RECORDED DATA>
________________
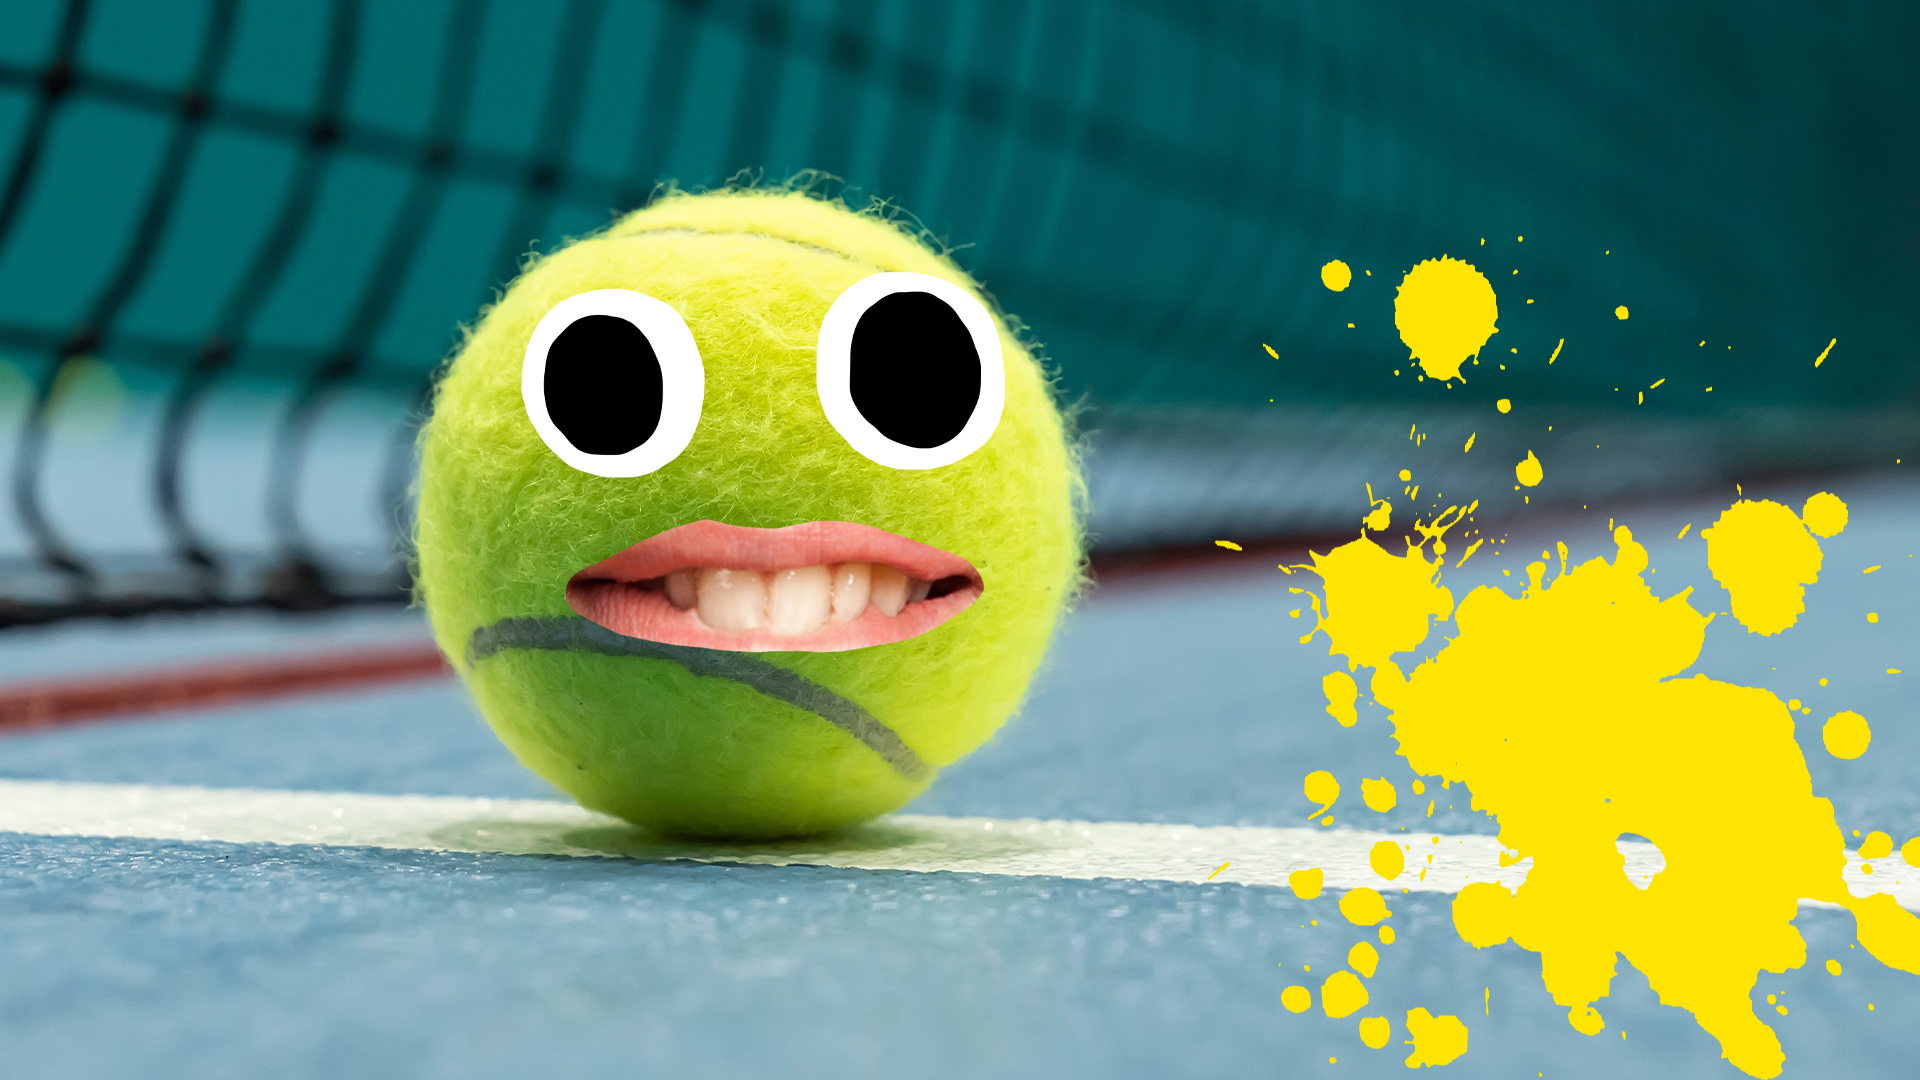 Goofy tennis ball with splats
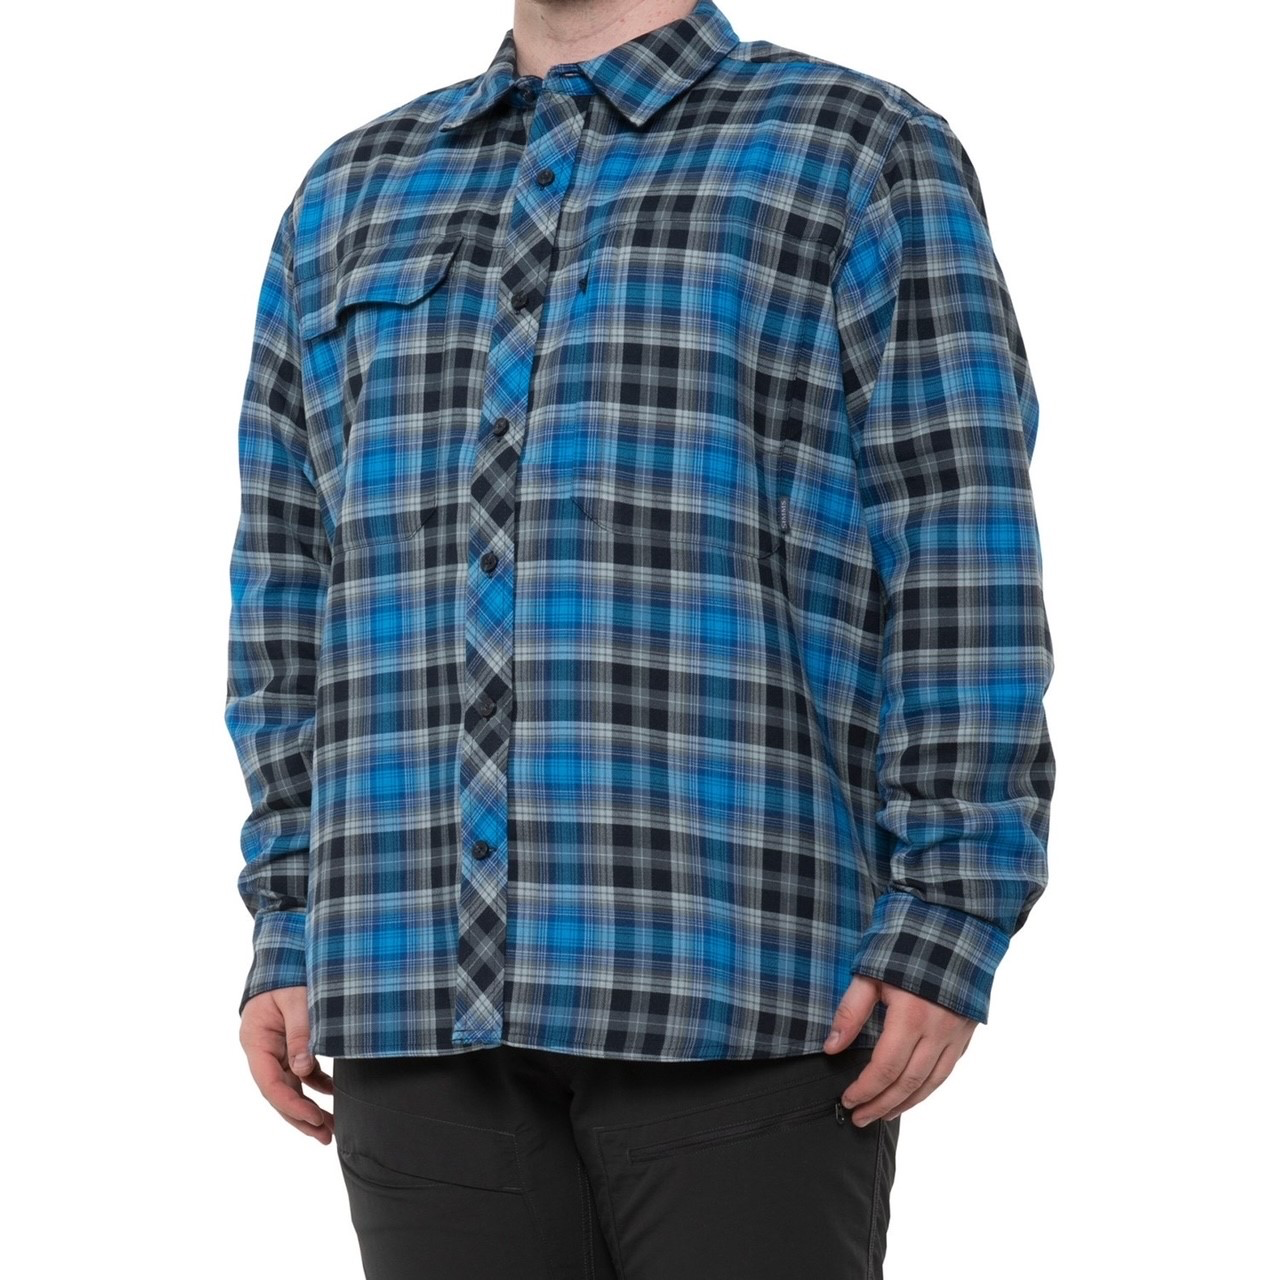 Simms M's Guide Flannel Shirt - Admiral Blue Plaid - Large
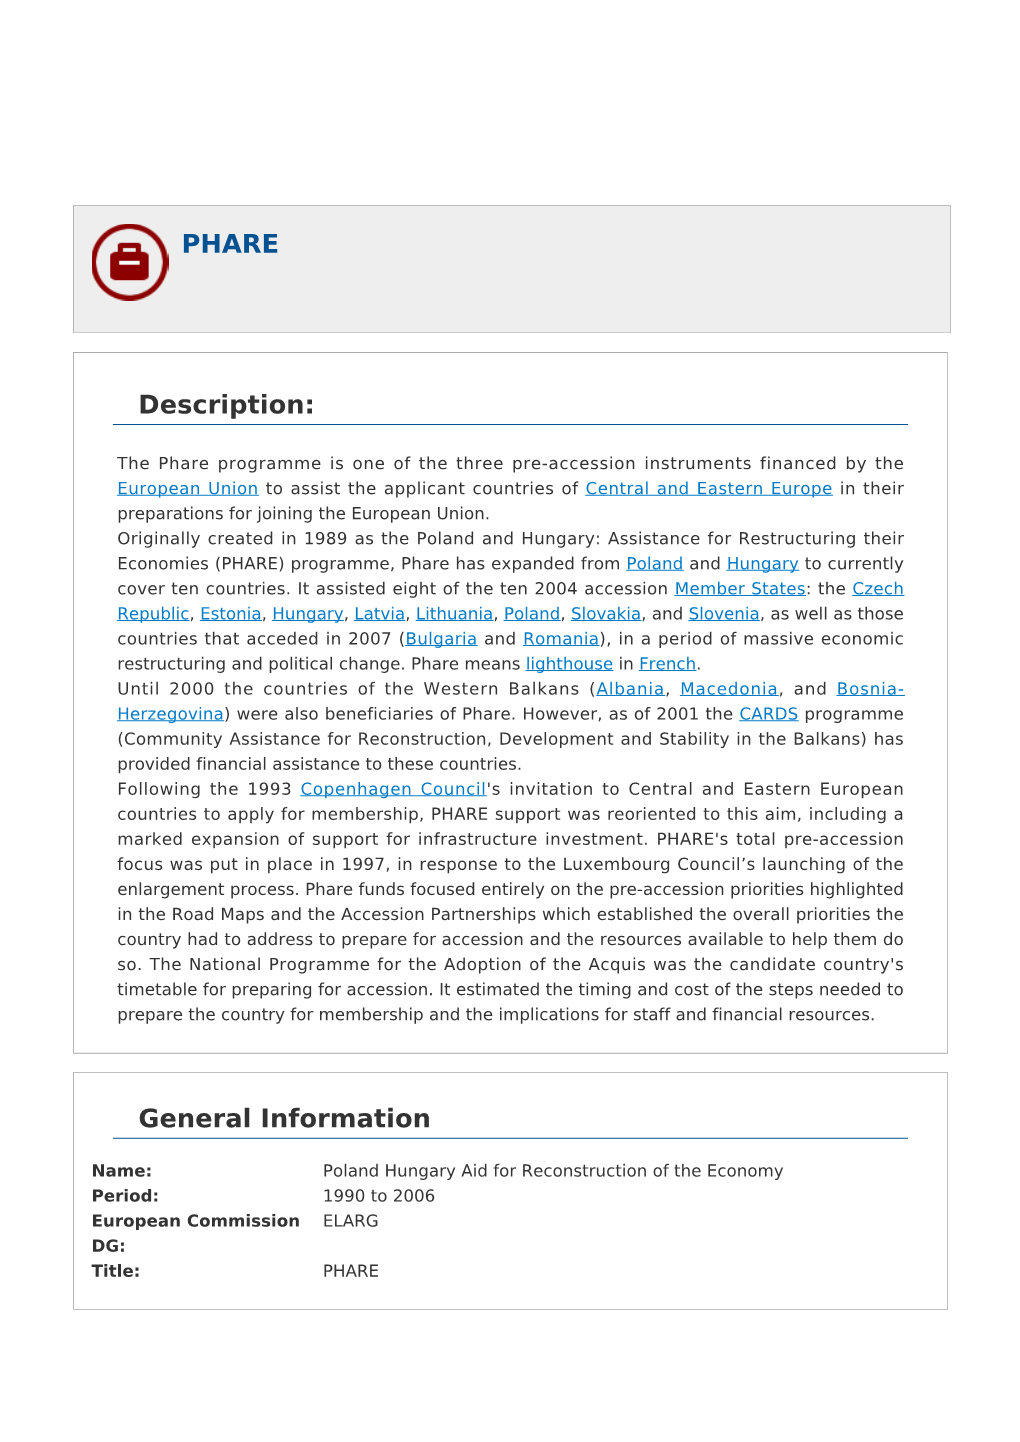 PHARE Description: General Information
________________
From start to finish, output the listing exactly, but omit its pictures.

 Goofy tennis ball with splats
 Simms M's Guide Flannel Shirt - Admiral Blue Plaid - Large
 PHARE Description: General Information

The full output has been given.